▸ Exercise inputs:
== Segment start ==
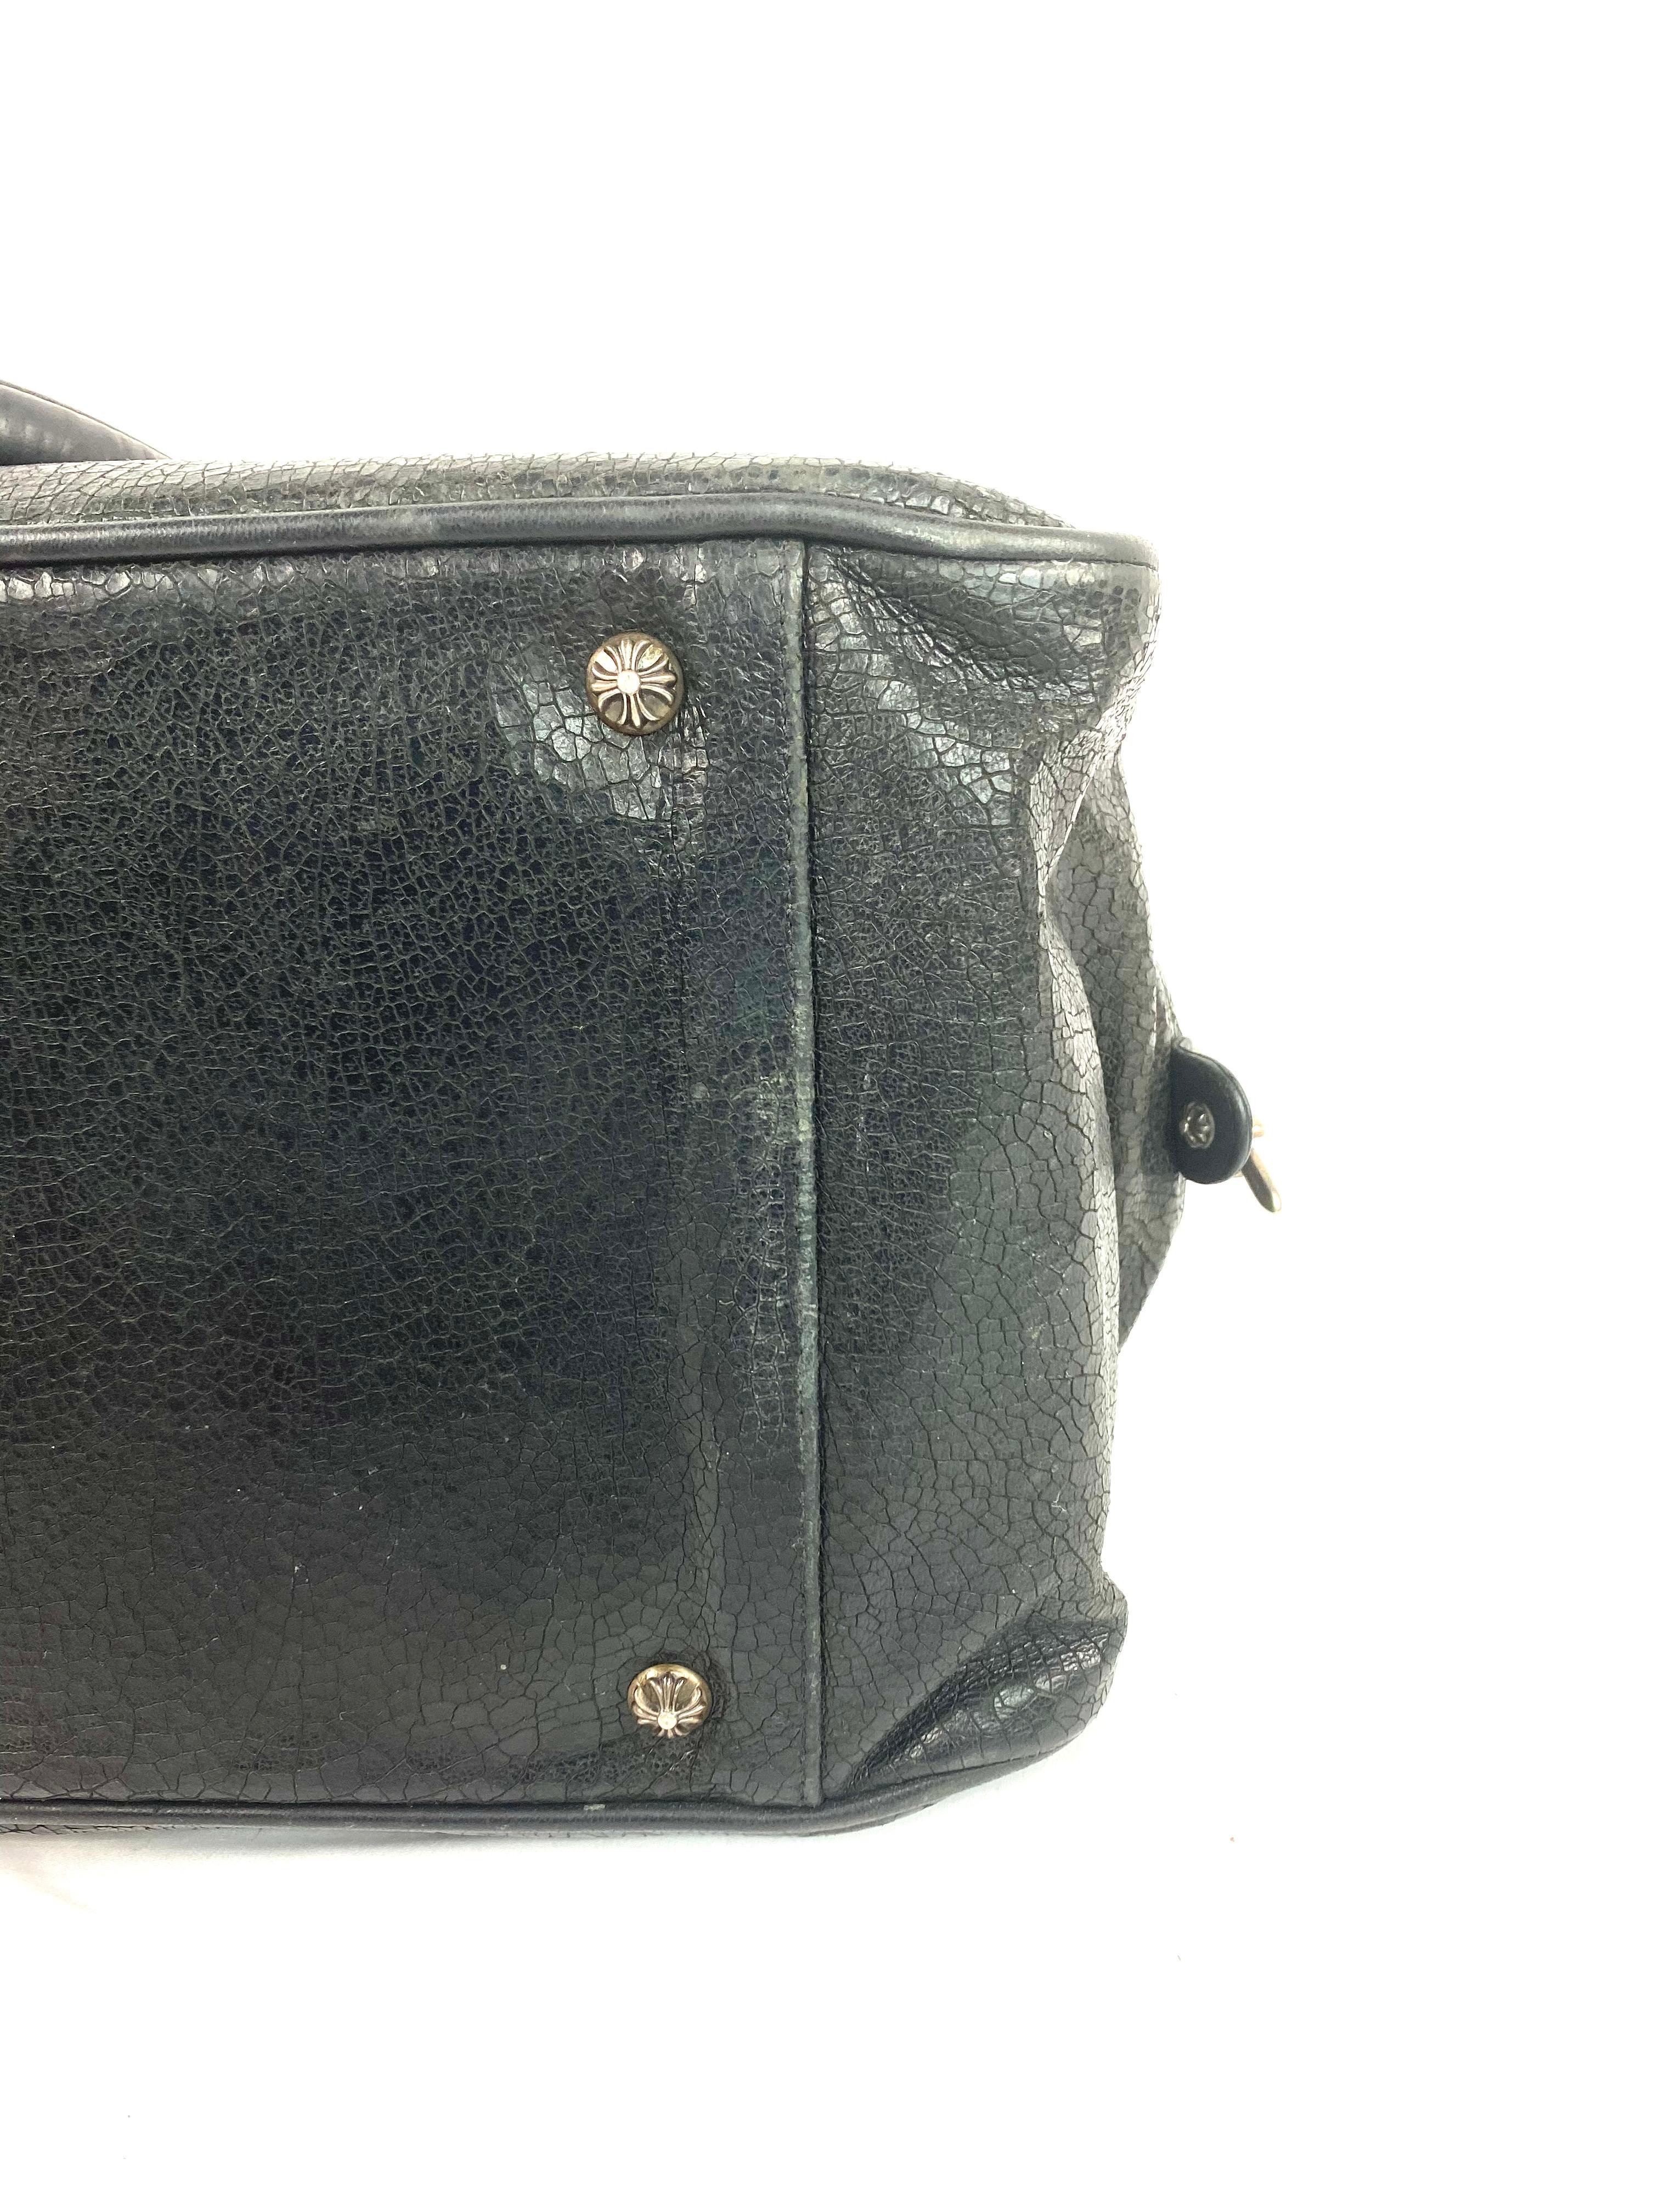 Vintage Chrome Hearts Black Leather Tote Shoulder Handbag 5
== Segment end ==
== Segment start ==
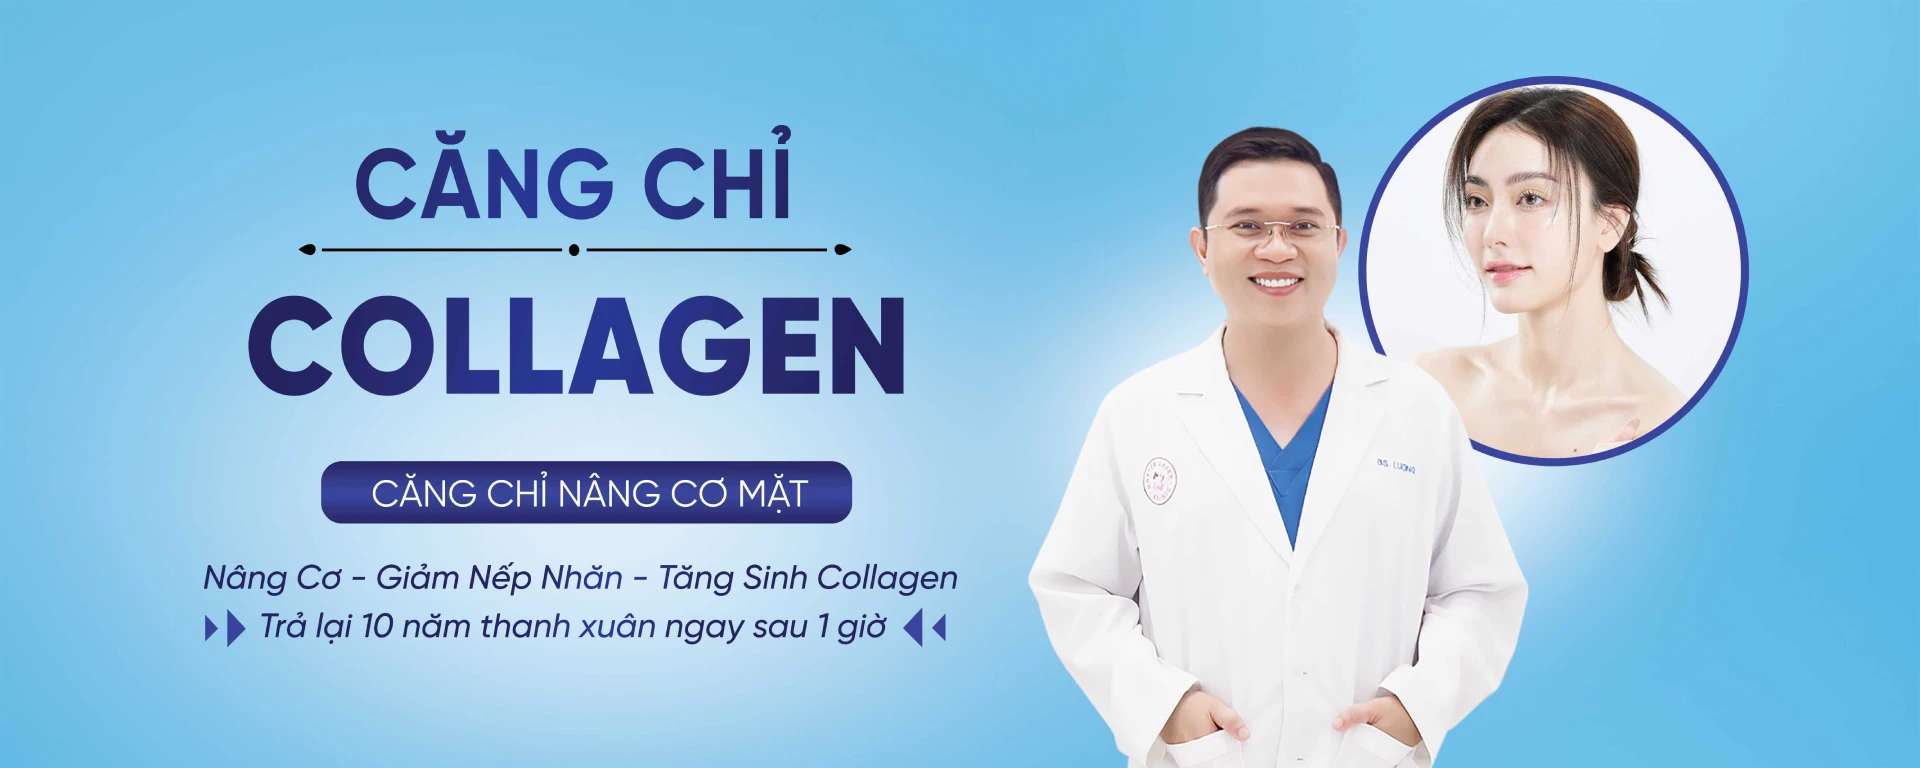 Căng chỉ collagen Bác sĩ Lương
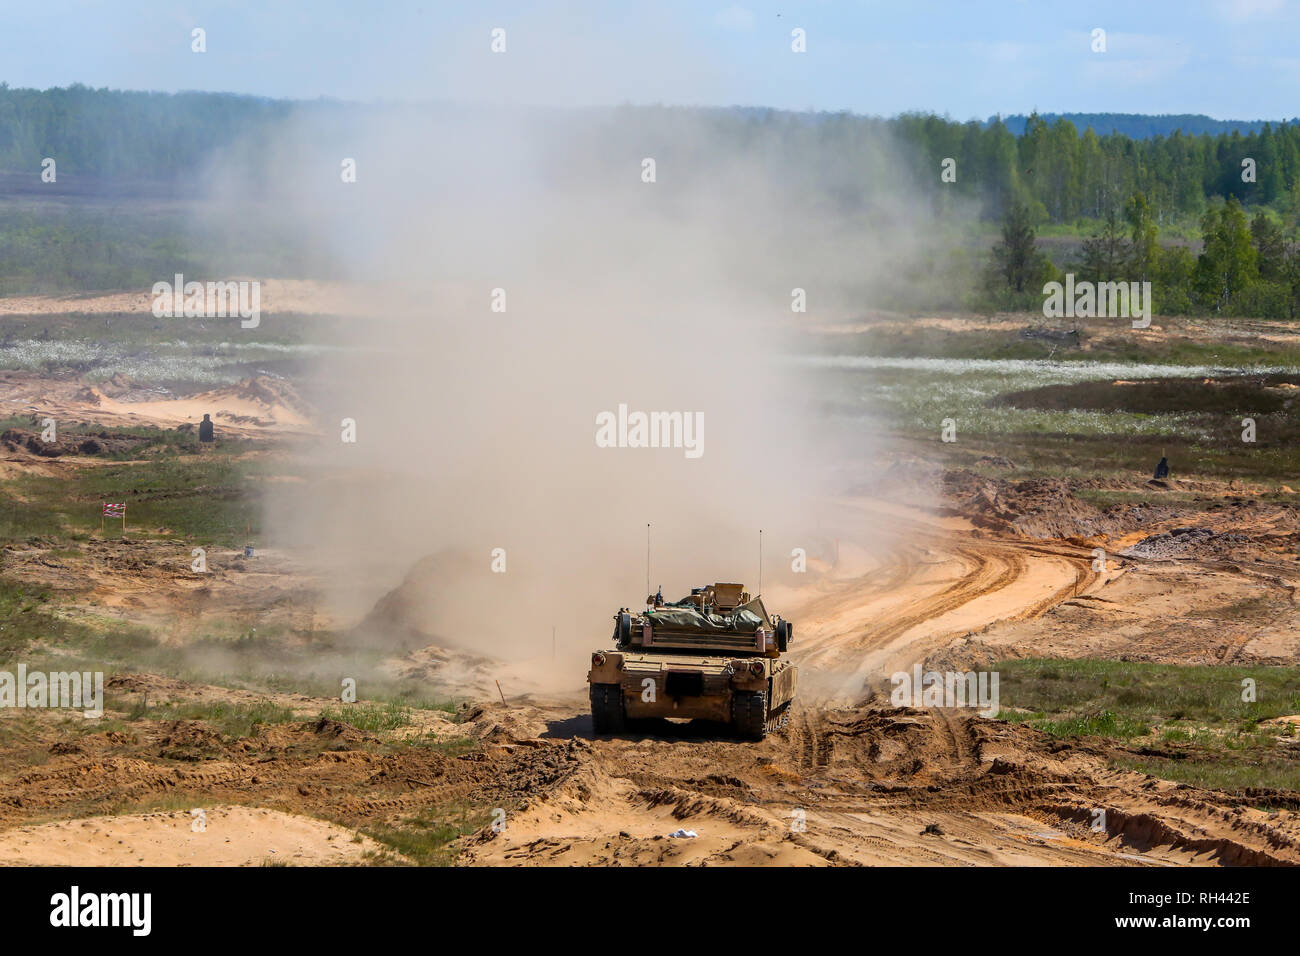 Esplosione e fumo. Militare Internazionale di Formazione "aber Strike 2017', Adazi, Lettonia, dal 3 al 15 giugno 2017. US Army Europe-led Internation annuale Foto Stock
== Segment end ==
▸ Required action:
Copy exactly the lines of the listing above between the one holding "Căng chỉ collagen Bác sĩ Lương" and the one holding "Esplosione e fumo.", inclusive; omit all pictures.

▸ Response area:
 Căng chỉ collagen Bác sĩ Lương
 Esplosione e fumo. Militare Internazionale di Formazione "aber Strike 2017', Adazi, Lettonia, dal 3 al 15 giugno 2017. US Army Europe-led Internation annuale Foto Stock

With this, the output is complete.